Show and Tell From Different Ages

Age 5:
This is my Winston from Ghostbusters.  He does….he does this.
I like my Venkman because he’s more funnier.  I left him at home because I didn’t want to share my very favorite.  And the other Ghostbusters said, Winston you have to go to class.  They always make Ray and Winston do stuff because Winston is black and Ray is fat.

~

Age 9:

Hey guys.  This is a soccer ball.  It’s for playing soccer, I guess.  That’s what other people do with it.  I don’t really know why it’s black and neon green.  I guess it’s 1992, so what can you do?

Honestly, I would have preferred to bring my Venkman.  Or possibly the Beetlejuice Vanishing Vault.  Oh yeah, I  have that shit.  And I only fucked up one of the stickers it came with, so I’m pretty proud of that jobber.  But, you know, we’re all 9 here.  So we can’t play with action figures.  I can bring a ball that you use to play a game that’s mostly running around with shit strapped to your ankles.  That’s for men, where a toy that makes Beetlejuice disappear in a grave is kind of for kids.
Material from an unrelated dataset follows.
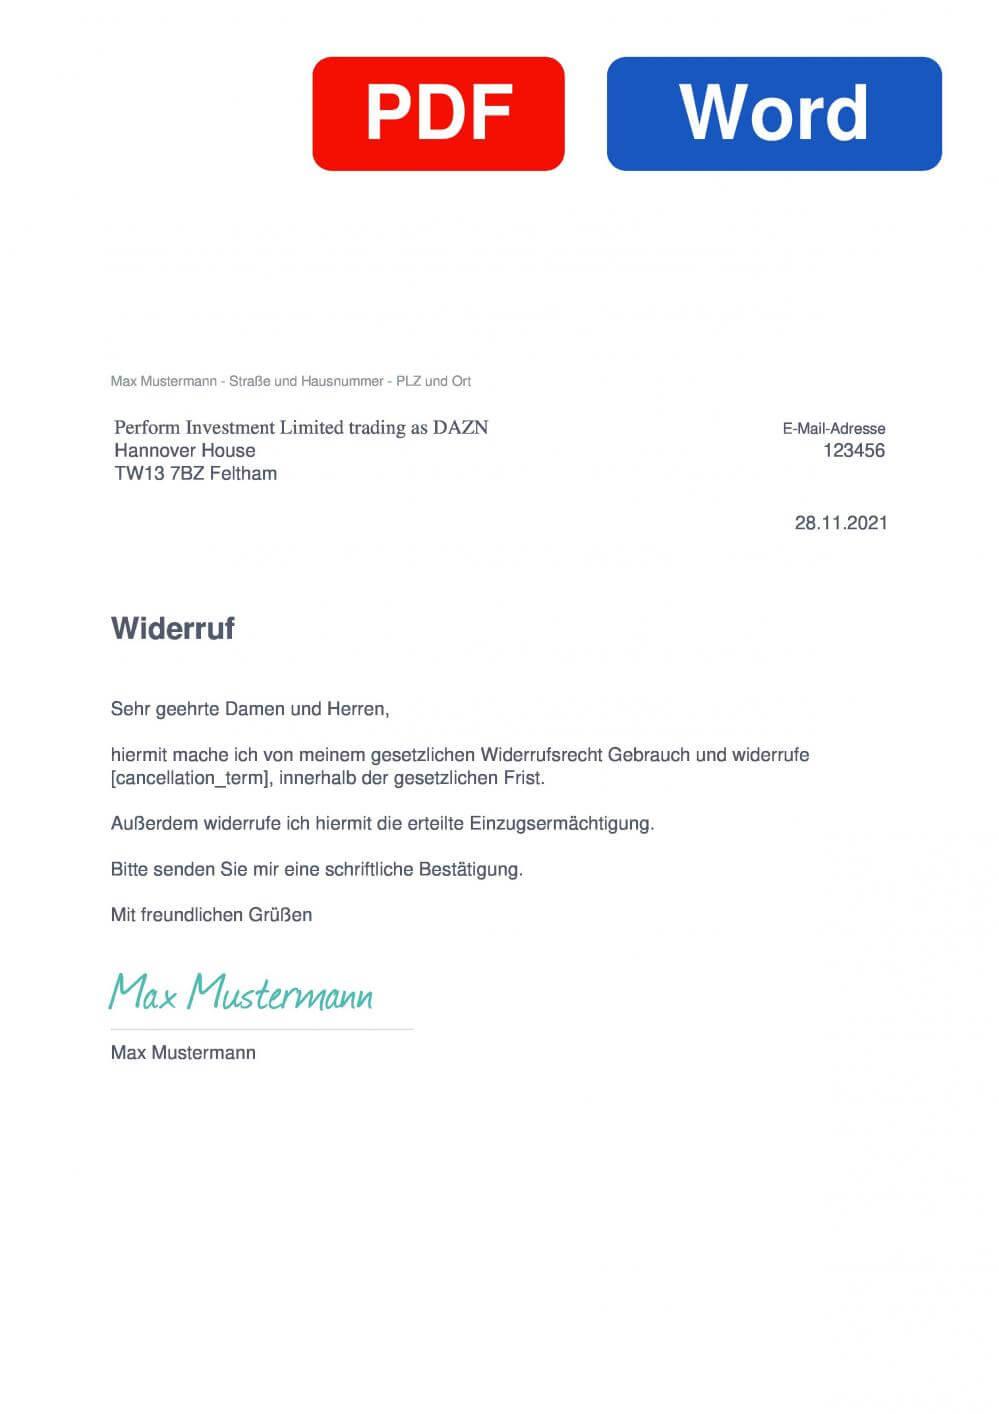 DAZN Muster Vorlage für Wiederrufsschreiben

Hey, should be a fun next ten years in school, huh?

~

Age 14:

This is a CD I like.  It’s the only thing that understands me.  I’m sort of upset about the fact that a rock band I’ll never meet understands me better than you, but I also think you’re stupid shitheads and wouldn’t really listen if you told me the exact same things because I just can’t listen to you.

That’s all I have to say.

~

Age 18:

Uh, let me just thank the professor here for having us bring in objects to share in our college class here.  Pretty good way to kill a day of class, huh?

I decided to go ahead an bring in a bill that I made myself.  I’ll just hand that over to the school here.  That’s for today’s class.  I mean, if I’m running the class here, I should probably get a refund, right?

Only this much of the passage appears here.